Several factors affect how rabbit’s relate to each other when first introduced.

By Erika Sorocco

As social animals, rabbits love to spend time with anyone — their owners or another animal. But, if you have very limited time to create special moments with your bunny, the best alternative is to adopt another rabbit for your bunny to snuggle up with. Sure, the thought of trying to introduce your rabbit to a new playmate may leave you contemplating hopping away yourself; but, in the long run, bonding your bunny to another rabbit can be quite beneficial — and not at all difficult!

Boys Vs. Girls
Housing two females or two males together may seem like the ideal arrangement when contemplating the introduction of a new bunny, but the opposite is actually true. Housing two males or two females together can work out, but a male/female bond usually turns out more harmonious. And, as an added bonus, the introduction of a male to a female is also easier and less stressful on the owner.

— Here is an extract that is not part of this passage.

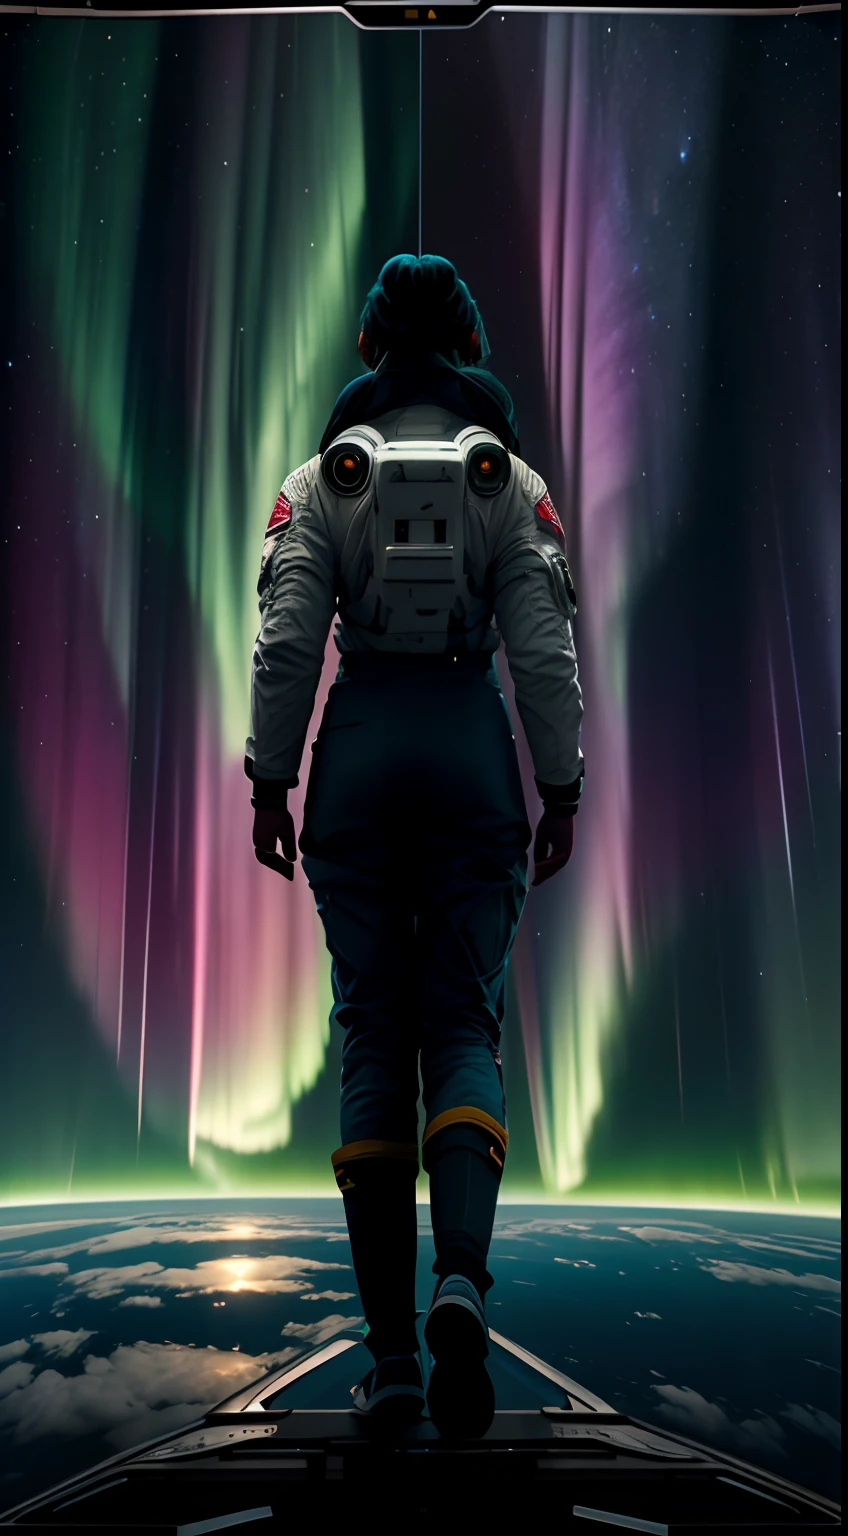 屏幕上半部分是Aurora、下半部分画了一位女宇航员

“Rabbits have territorial instincts, which makes same-sex pairings a bit more difficult,” said Morgan Dawkins, DVM, of Windcrest Animal Hospital in Wilmington, Del. “Two females tend to be the most difficult pairing. Opposite sex pairings are usually the easiest. Immature rabbits tend to be easy to bond prior to territorial instincts developing. Spaying and neutering is important for pairing, and not just for the obvious reproductive reasons. Behavior is affected, and bonding will typically be easier in rabbits that have been spayed or neutered.”